Lack of depth constancy for grasping movements in both virtual and real environments

Abstract

Recent studies on visuomotor processes using virtual setups have suggested that actions are affected by similar biases as perceptual tasks. In particular, a strong lack of depth constancy is revealed, resembling biases in perceptual estimates of relative depth. With this study we aim to understand whether these findings are mostly caused by a lack of metric accuracy of the visuomotor system or by the limited cues provided by the use of virtual reality. We addressed this issue by comparing grasping movements towards a spherical object located at four distances (420, 450, 480, and 510 mm) performed in three conditions: 1) virtual, in which the target was a virtual object defined by binocular cues, 2) glow-in-the-dark, in which the object was painted with luminous paint but no other cue was provided, and 3) full-cue, in which the movement was performed with the lights on and all the environmental information was available. Results revealed a striking effect of object distance on grip aperture equally in all three conditions. Specifically, grip aperture gradually decreased with increase in object distance, proving a consistent lack of depth constancy. These findings clearly demonstrate that systematic biases in grasping actions are not induced by the use of virtual environments and that action and perception may involve the same visual information, which does not engage a metric reconstruction of the scene.

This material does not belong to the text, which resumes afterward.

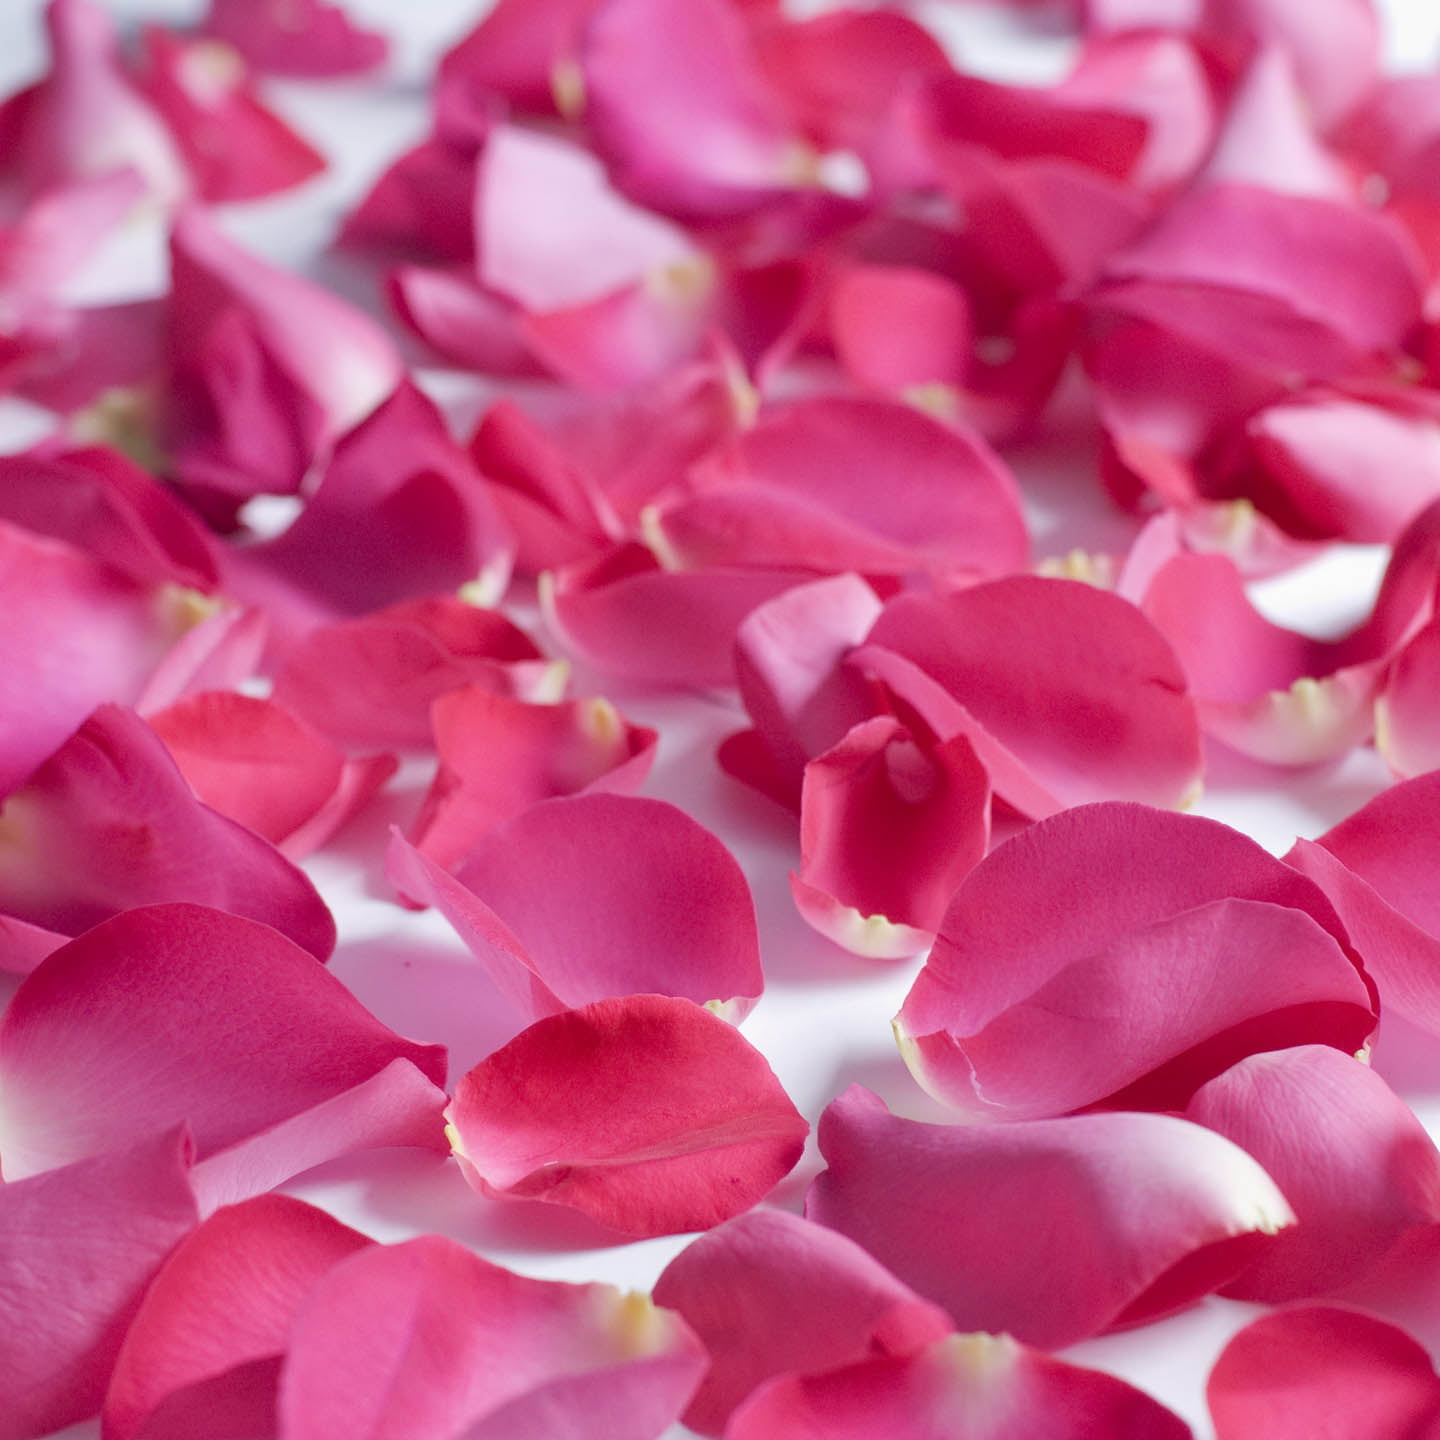 Rose Petals 3 Bags of Hot Pink Farm Direct Fresh Cut Flower Petals 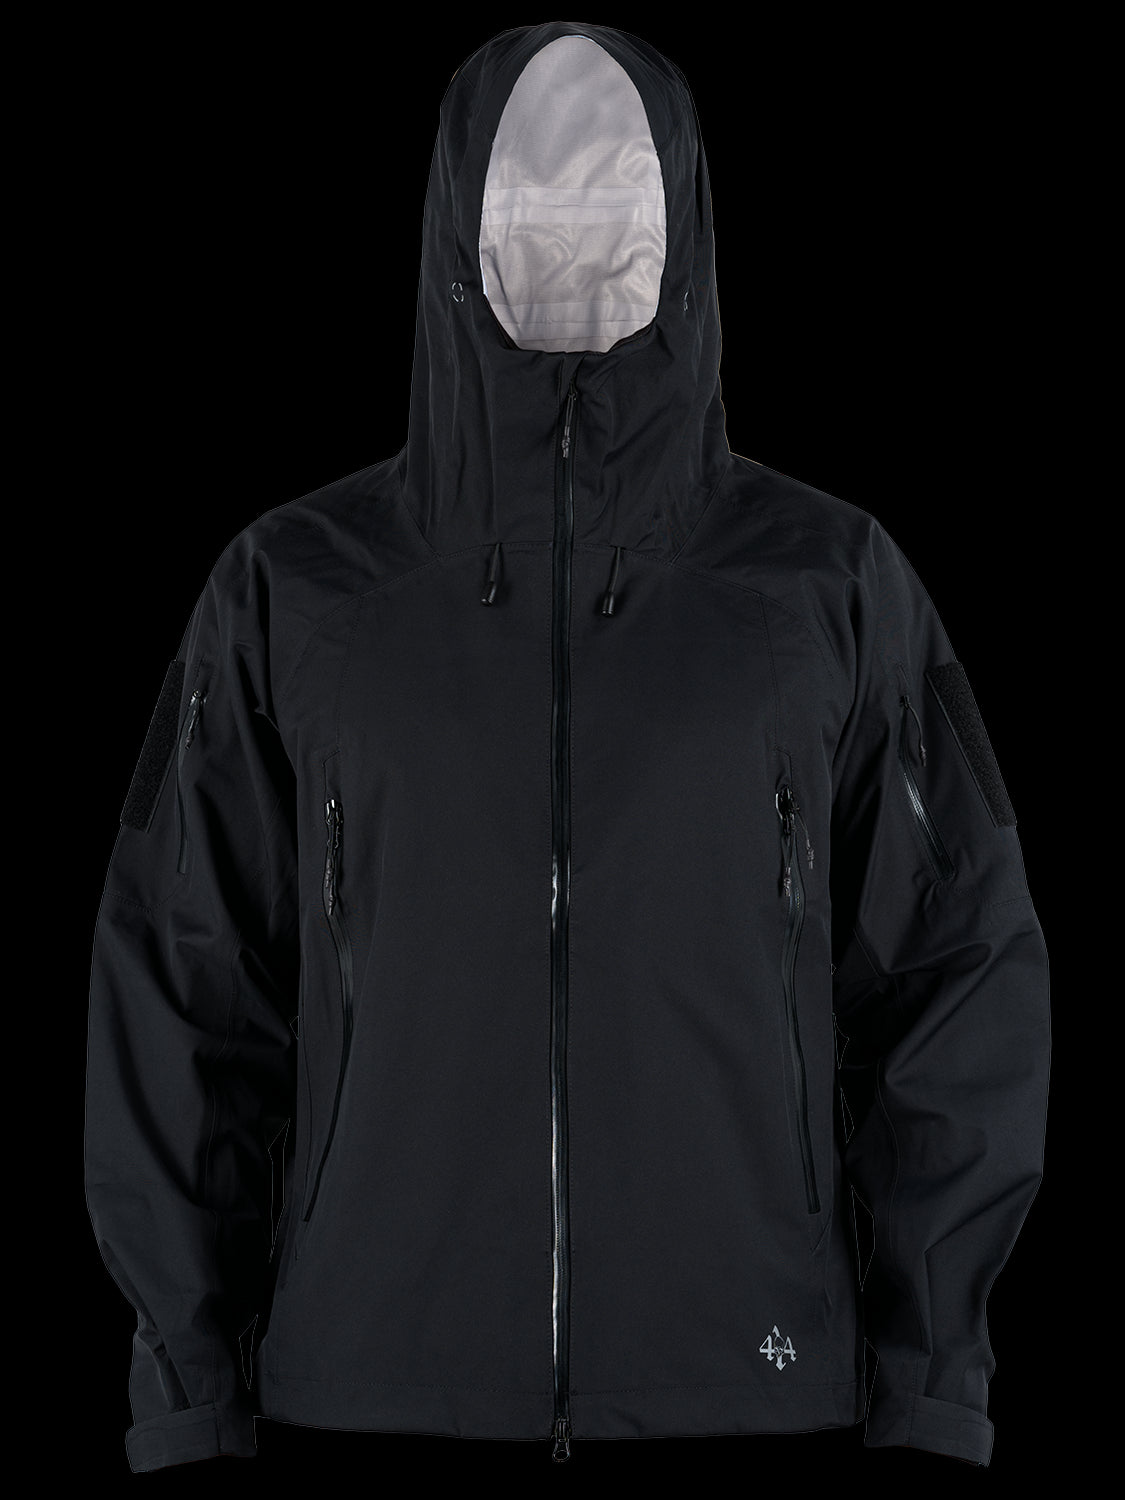 4-14 Rainwear Jacket - Black (ATACAMA)

Keywords: 3D; depth constancy; grasping; virtual reality; visuomotor control.

Fig. 1.

The grasping of a spherical object was performed in 3 different conditions. A, virtual: sphere and the visual feedback of the fingers were virtually rendered. The virtual sphere was paired with a real one located at the same distance and having the same dimension (ø 60 mm). Visual feedback of the index finger and thumb were rendered by means of virtual cylinders (height: 20 mm; ø: 10 mm). B, glow-in-the-dark: the sphere and the fingers of the participants were covered with luminous material to make them visible in the dark. The start and end of the trials was indicated by the PLATO goggles turning transparent and opaque. C, full-cue: the object was perfectly visible in front of the participants as well as their hand. All cues were available and the light was on for the duration of the experiment. The start and end of the trials was indicated by the PLATO goggles turning transparent and opaque.

Fig. 2.

For both the index finger and thumb 3 markers located at the vertexes of a triangle and the finger pad defined a rigid prism (dashed lines). During calibration, the position of the finger pad relative to the three markers was determined through a fourth calibration marker (gray discs) so that the location of the finger pad was uniquely specified for any orientation of the 3-marker configuration.

Fig. 3.

A: averaged maximum grip aperture (MGA) performed in the 3 conditions, virtual (black line), glow-in-the-dark (dark gray line), and full-cues (light gray line) as function of distance. Error bars represent means ± SE. B: plot of the grip aperture along the spaced-normalized trajectory (sampled at 101 points) for the 3 experimental conditions. For each subject and at each points of the trajectory, we fitted a linear regression model as function of distance (centered by subtracting its mean). Separately for the 3 conditions we run a 1-sample t-test on the slopes of the model to test from which point of the trajectory the grip aperture was significantly modulated by the target distance. The frames represent a blow-up of the part of the trajectory in which the grip aperture was modulated as function of the target distance. The shading bar on the bottom of each plot represents the P value of the t-test run on the single slopes.

Fig. 4.

Averaged peak velocity performed in the 3 conditions, virtual (black line), glow-in-the-dark (dark gray line), and full-cues (light gray line) as function of distance. Error bars represent means ± SE.

Fig. 5.

Averaged movement duration of the 3 conditions. Bars are segmented in subsequent movement phases from black to light gray: from movement onset to time of peak acceleration; from time of peak acceleration to time of peak velocity; from time of peak velocity to time of peak deceleration; from time of peak deceleration to time of MGA; and from time of MGA to movement end.